During this period, The National Vulnerability Database published 85, and these new Common Vulnerabilities and Exposures (CVEs) are classified as follows:
Critical: 3
High: 14
Medium: 30
Low: 5
Severity Not Assigned: 33
Identifying and understanding these vulnerabilities are pivotal steps towards enhancing security measures and creating a safer digital environment.

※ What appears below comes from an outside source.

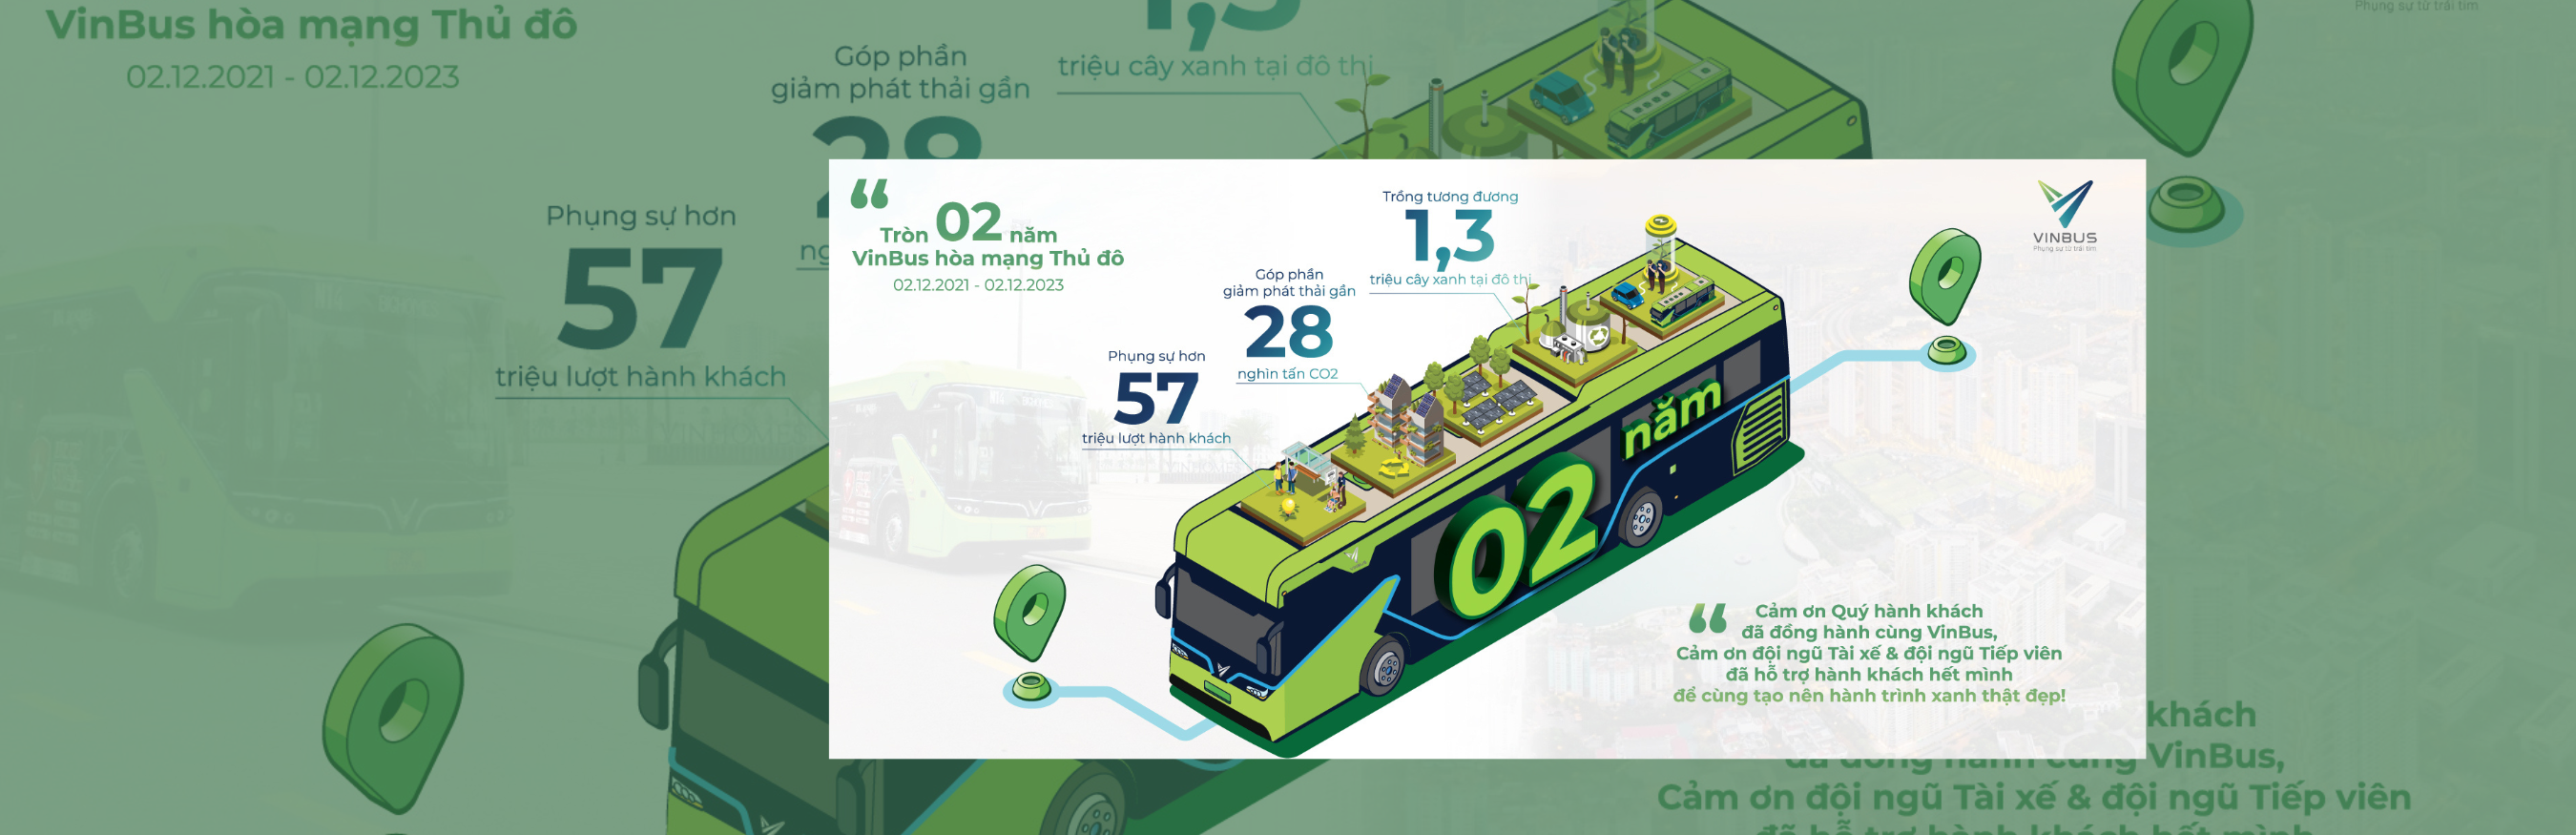 Mừng VinBus tròn 2 năm hòa mạng xe buýt thủ đô 02.12.2021 - 02.12.2023

Now, let's delve deeper into AppSecWorld's CVE Daily Digest, spotlighting the Critical and High Severity vulnerabilities that demand immediate attention.
1. CVE-2024-6750
Base Score: 7.3
Base Severity: HIGH
Exploitability Score: 3.9
Impact Score: 3.4
Description: The Social Auto Poster plugin for WordPress is vulnerable to unauthorized access, modification, and loss of data due to a missing capability check on multiple functions in all versions up to, and including, 5.3.14. This makes it possible for unauthenticated attackers to add, modify, or delete post meta and plugin options.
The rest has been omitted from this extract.